The third gentleman, Bobby, was more of an acquaintance than a friend. He had graduated from IIT-Kharagpur in 1959 and was a few years senior to me in age. He had moved into our neighborhood with his unmarried sister and his uncle who was a bachelor. His parents had died when he and his sister were very young, and his uncle had raised them. They were Bengalis from Assam, and while they maintained a certain distance from the neighbors, they were well liked. Bobby joined in games of badminton and volleyball with neighbors and had a likeable personality. After graduating, he joined Larsen & Toubro as an engineer. I met him there during my frequent business-related visits. He was a senior engineer and highly regarded by his colleagues. At work he mostly socialized with men of his age, and as a westernized individual, his friends at work were of similar taste. I saw him in various company socials but did not establish a strong friendship as he was a bit older than me.               

Bobby and two of his friends from Larsen & Toubro applied for American visas in 1970 and the three left together for the US soon after they received their “green cards”. I was surprised that Bobby had decided to quit a high position in India at the age of 35 or so and embark on a journey of uncertainty. When I arrived in New York in 1971, I tried to contact him but did not succeed for quite a while. This is what I heard from others who had been in touch with him.

Immediately after his arrival in New York, Bobby stayed with some friends in Brooklyn. He struggled to find a good job, like hundreds of other Indian engineers who had arrived around that time in New York with immigrant visas. Apparently he moved to an apartment of his own, also in Brooklyn, probably after finding a reasonable job. He did not socialize much with other Bengali immigrants except with a handful of friends from Larsen & Toubro. These were  the glimpses of his life that I gathered over time from my interactions with  his narrow circle of friends.
 
As I mentioned before, Bobby was a westernized young man. He was single, about 35 years old and in good health, and he began dating Caucasian women. He was a level-headed, practical man, and he continued to rent apartments and not fall for the attractions of buying a 
home and maintaining it. He changed jobs several times, so not buying a property was probably the right decision for him. Bobby led the life of a loner and spent most of his time with his girlfriends. If Bobby married any of them, he never shared that news with his friends. With time his interactions with his Larsen & Toubro friends diminished significantly. 

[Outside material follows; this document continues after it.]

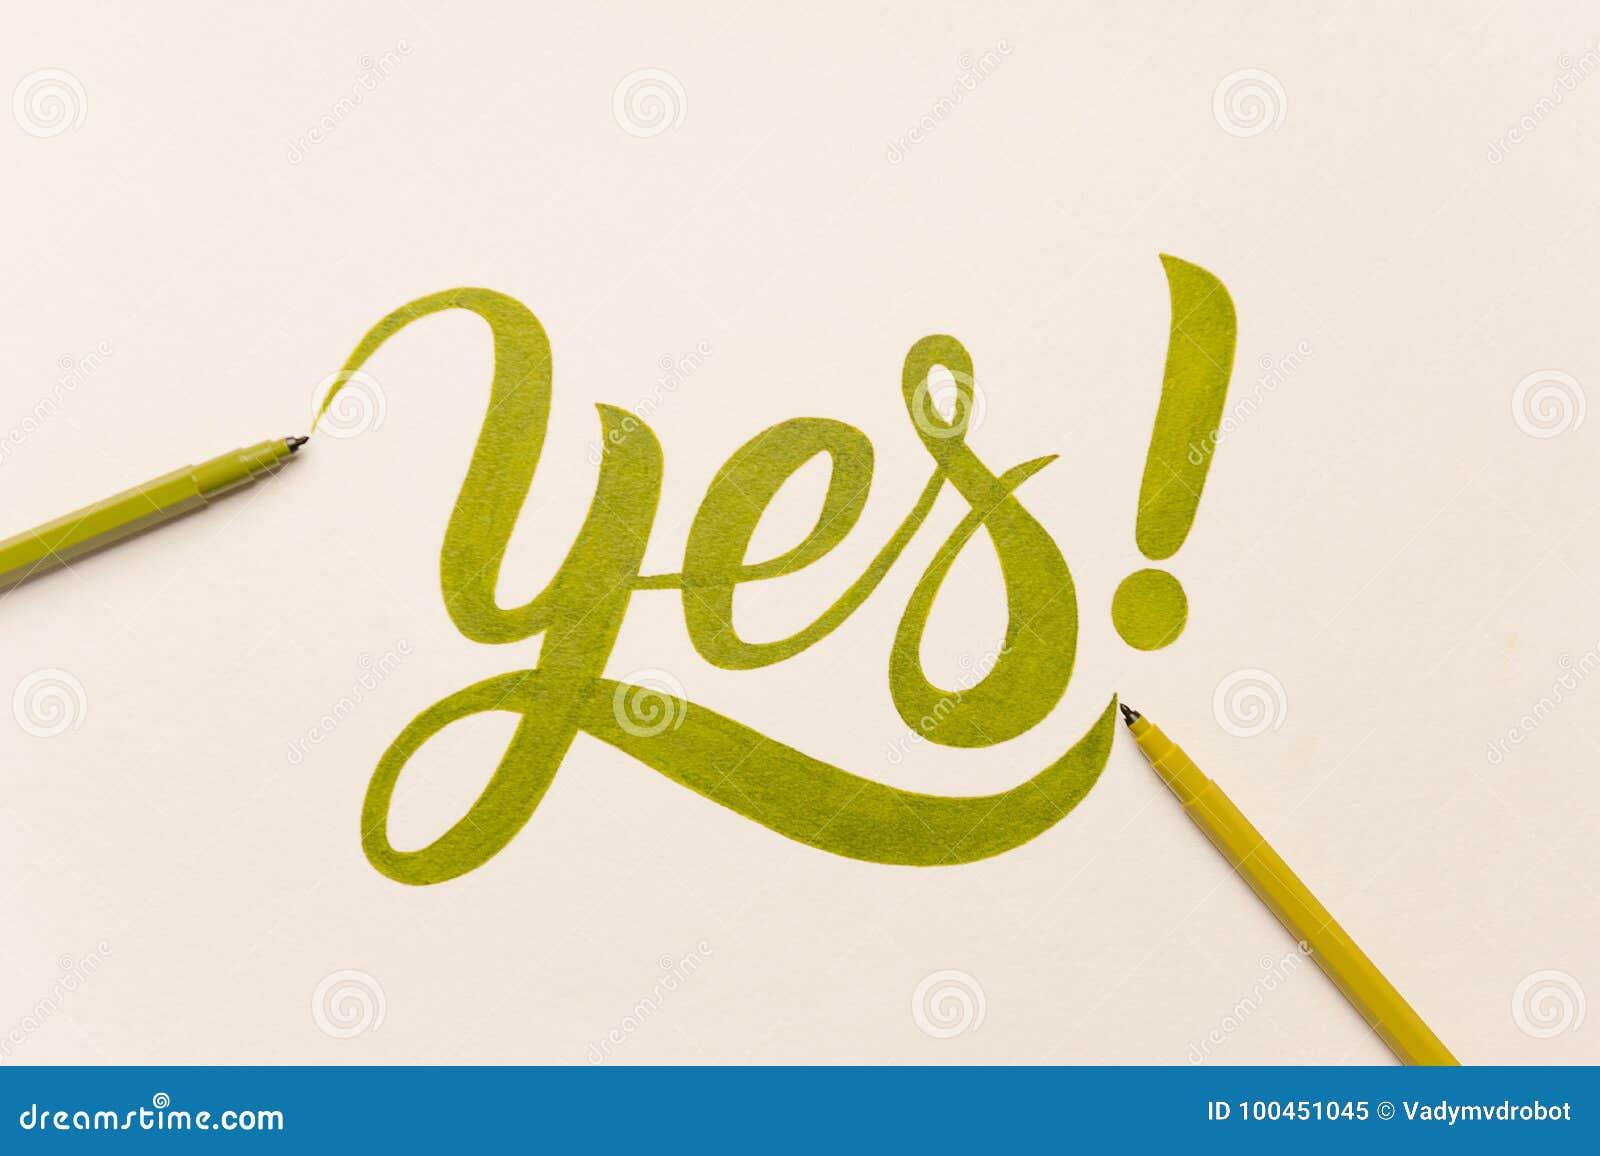 Goedkeurings motievenuitdrukking met de hand geschreven met groene teller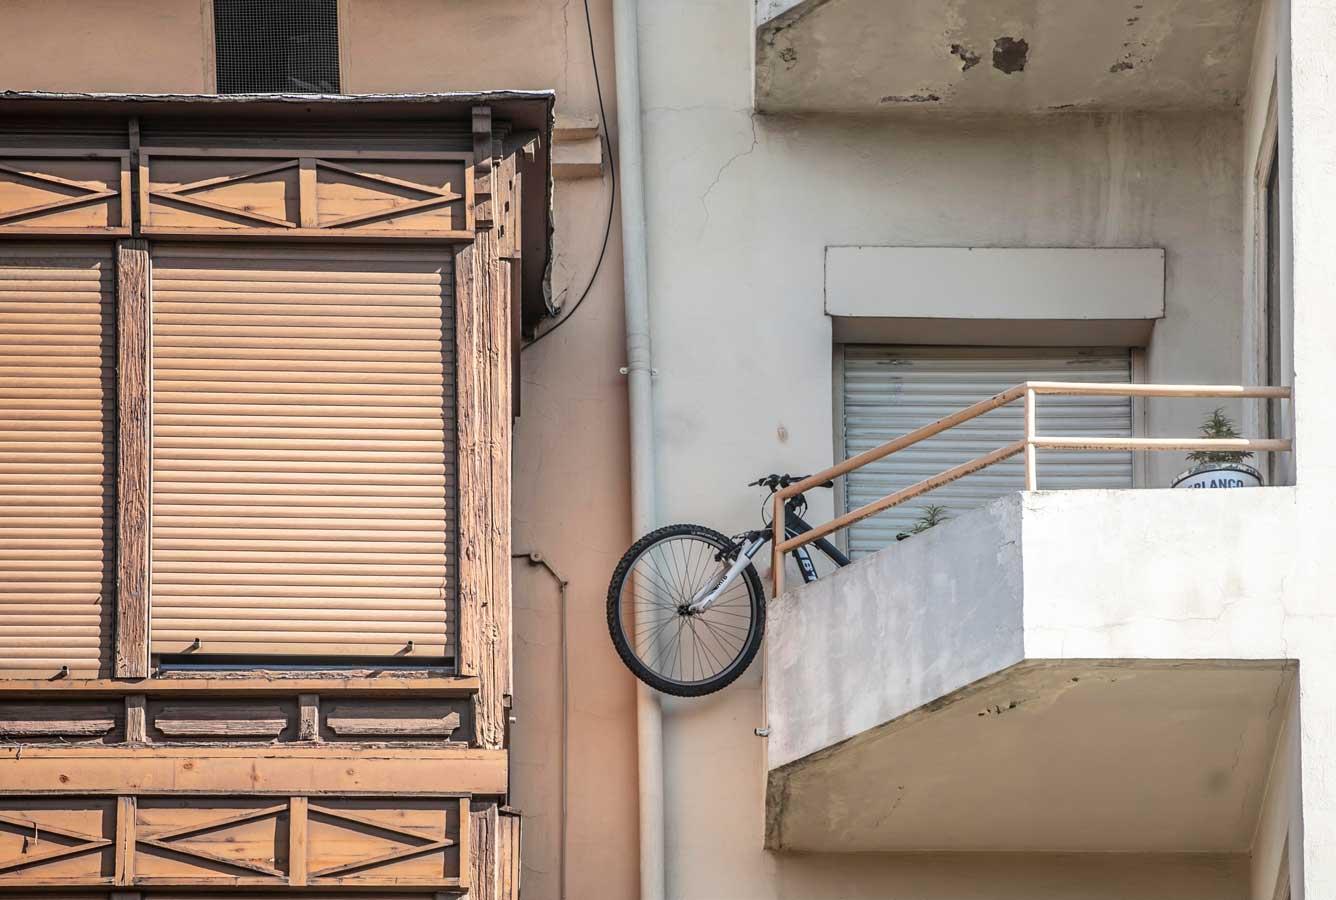 La rueda delantera de la bicicleta se asoma por el balcón, rebasando la barandilla. Como si fuera una vecina más del barrio. Pero una vecina todo terreno.

Unfortunately, a tragic end was waiting silently for Bobby. In the mid-1980s, Bobby had a sudden and acute heart attack and died. He was in his forties and visibly in good health. The news of his death reached me many months later, and when I tried to find more about his last days and months, I hit a dead end. None of his earlier friends had visited him for years – and they did not know if any girlfriend or relative was at Bobby's side when he breathed his last. I kept wondering: did he die alone in America, his adopted homeland? When I visited Calcutta later, I inquired about his uncle but he had moved away from our neighborhood and no one knew of his whereabouts. To this date, I feel an emptiness inside of me when I think of Bobby and how he may have felt on his last day on earth, thousands of miles away from his birthplace – and miles to go to the happy place in America that he had dreamed of in his youth.